I appreciate all the detail as I'm at the earliest stages of learning woodworking. I hope my built-ins look half as nice as yours.  I just spent the last bit drawing it out on my computer so I can play with the design elements. If only I was as good with woodworking as I am with computers...

Also, out of curiosity, what do you plan to do for that middle section?


----------



## justin2009 (Jan 5, 2009)

davidadner said:


> I appreciate all the detail as I'm at the earliest stages of learning woodworking. I hope my built-ins look half as nice as yours.  I just spent the last bit drawing it out on my computer so I can play with the design elements. If only I was as good with woodworking as I am with computers...
> 
> Also, out of curiosity, what do you plan to do for that middle section?
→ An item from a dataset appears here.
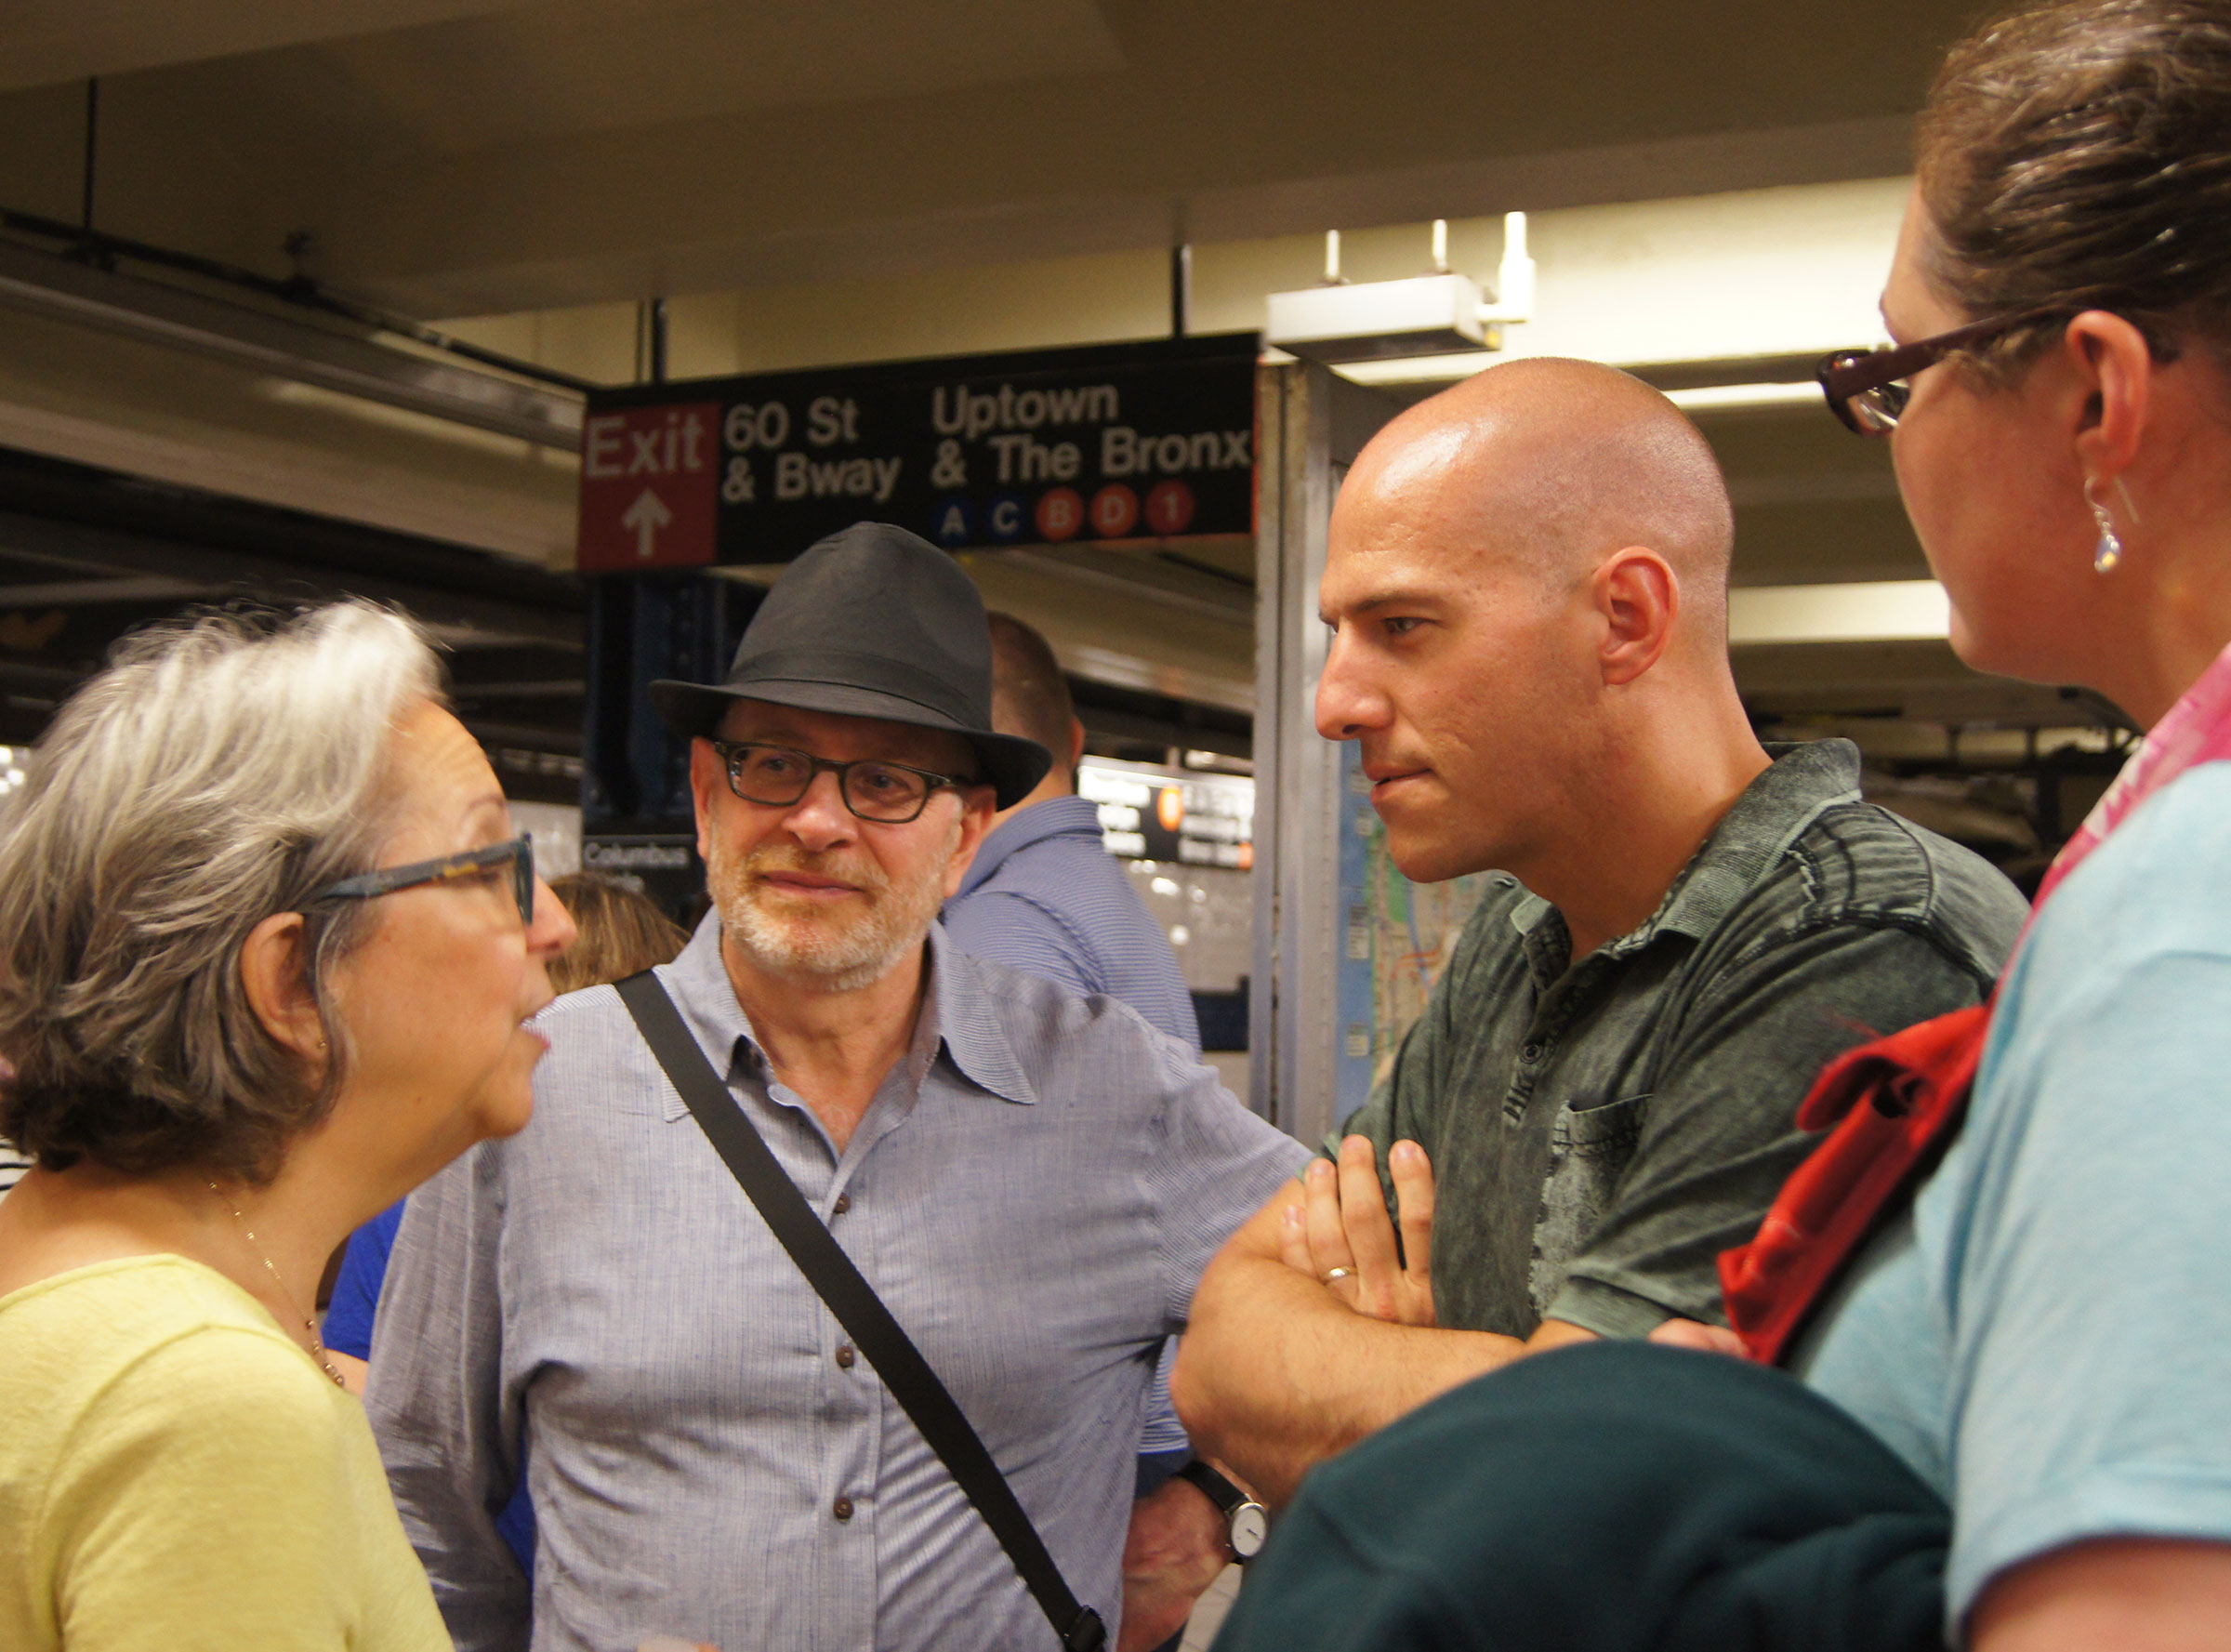 Rabbi Matalon (in hat) with Caleb Follett and other members of the exchange, at a subway stop in New York City. (Amanda Ripley)

Ha! Thanks, it definitely looks good from a distance ; ) Then you start to notice things as you get closer!

I have a collection of antique boat paddles and oars that I'm going to stand up/hang in the middle section, but I told the misses that if she ever wanted shelves in the middle, I could install them.

Thanks for the compliment, for sure. I'm learning, too, and every project teaches me some good lessons (unfortunately in hindsight!) If you're drawing yours out beforehand, they'll probably turn out much better than mine did!


----------



## clampman (Oct 20, 2006)

Justin,

That is a very respectable looking job especially for someone new at it. I have never like self- centering doweling jigs for a few reasons. 
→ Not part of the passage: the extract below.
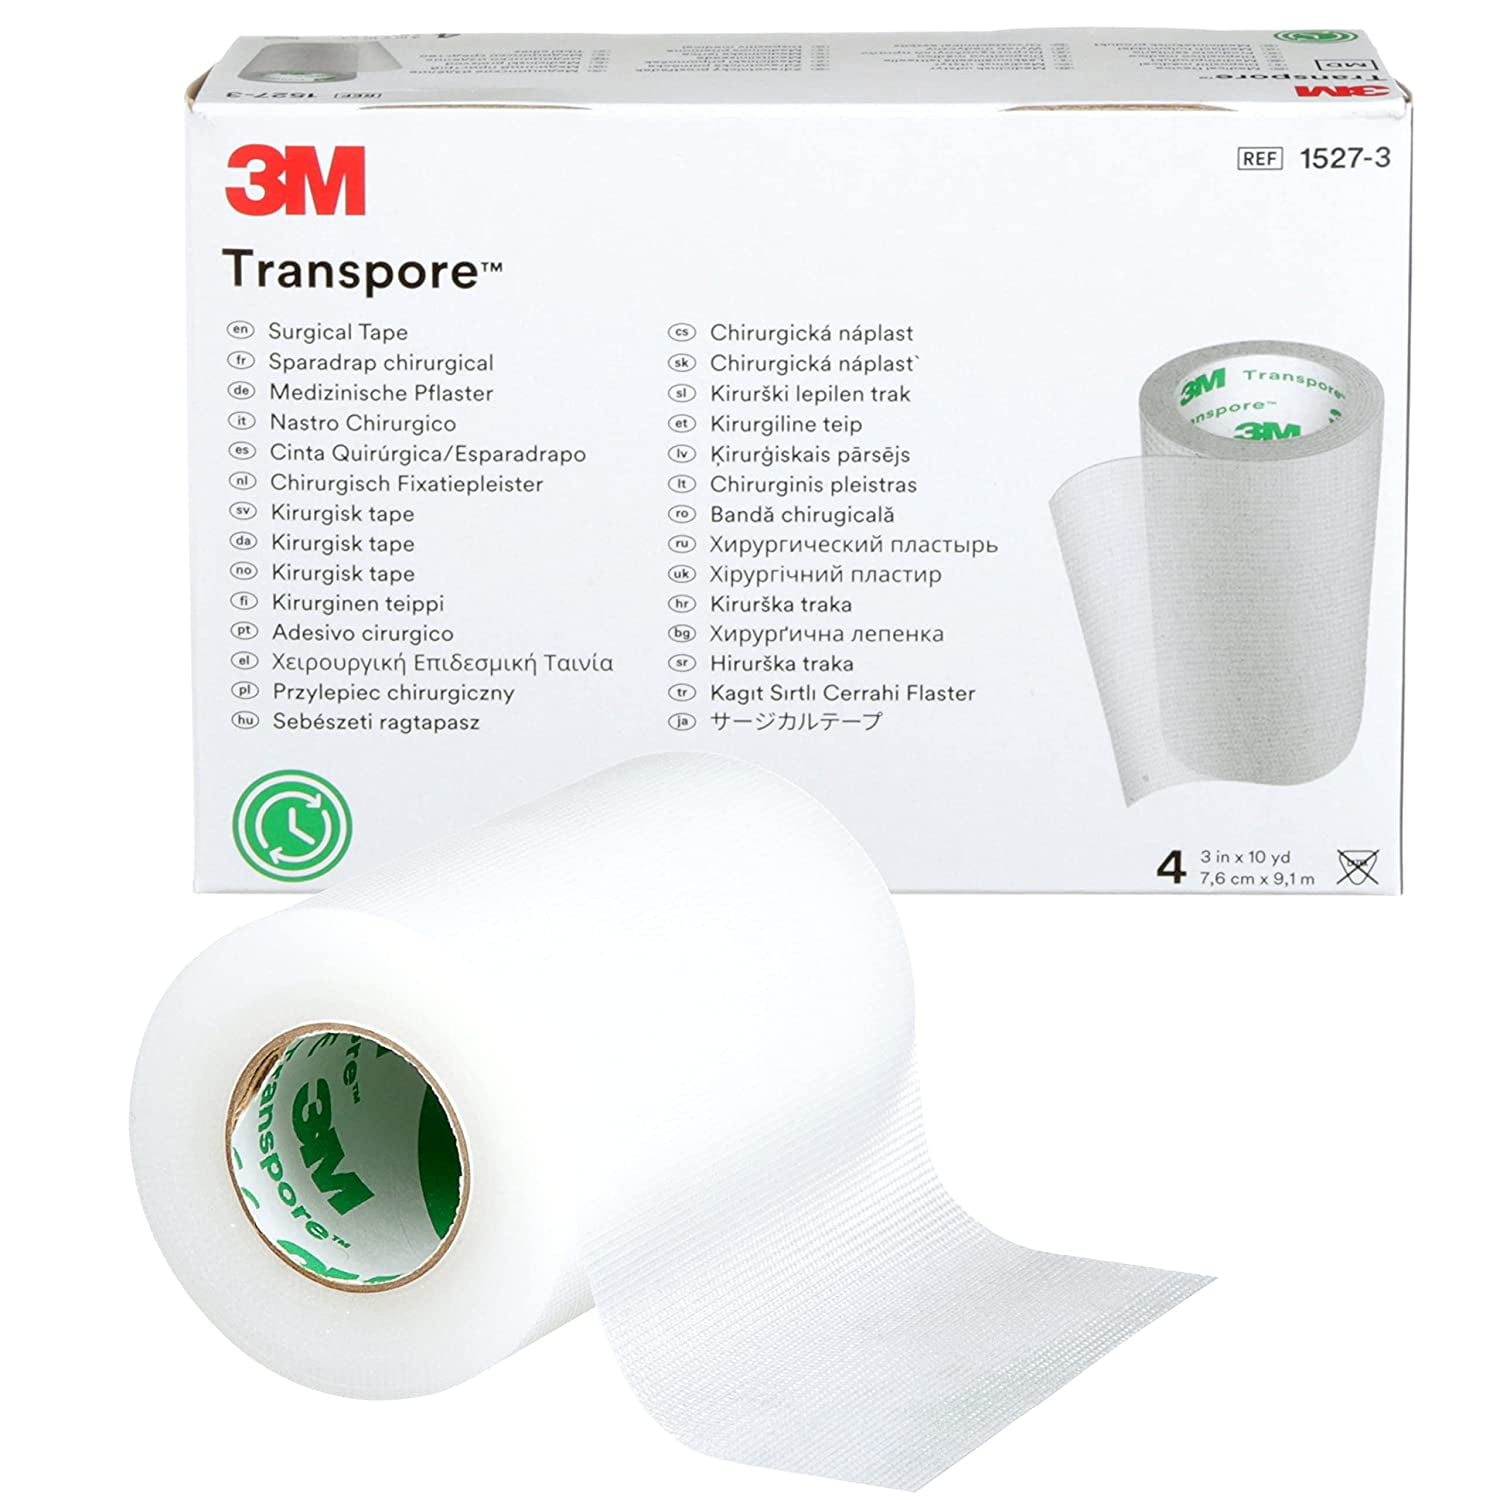 Micropore Surgical Tape White 3 Inches x 10 Yards - 4 Rolls

The first you have already discovered. The second is that there is normally one face of the stock which is prominently displayed - the top of a table, the face of a face frame, the front of a raised panel the top of a shelf etc etc. 

To me, it is most important to do as little sanding as possible on the prominent face. Therefore, the registering of any gluing alignment tool is best done off that face. In many instances, it is not even necessary that the backs or bottoms of glued up boards be sanded or even have the glue removed beyond a swipe with a wet rag.

In other instances, you may not even want dowels in the center in the first place. 

Below is a doweling jig I made for myself - since I have a macine shop. To raise the position of the dowels, I use steel shims of varying thicknesses.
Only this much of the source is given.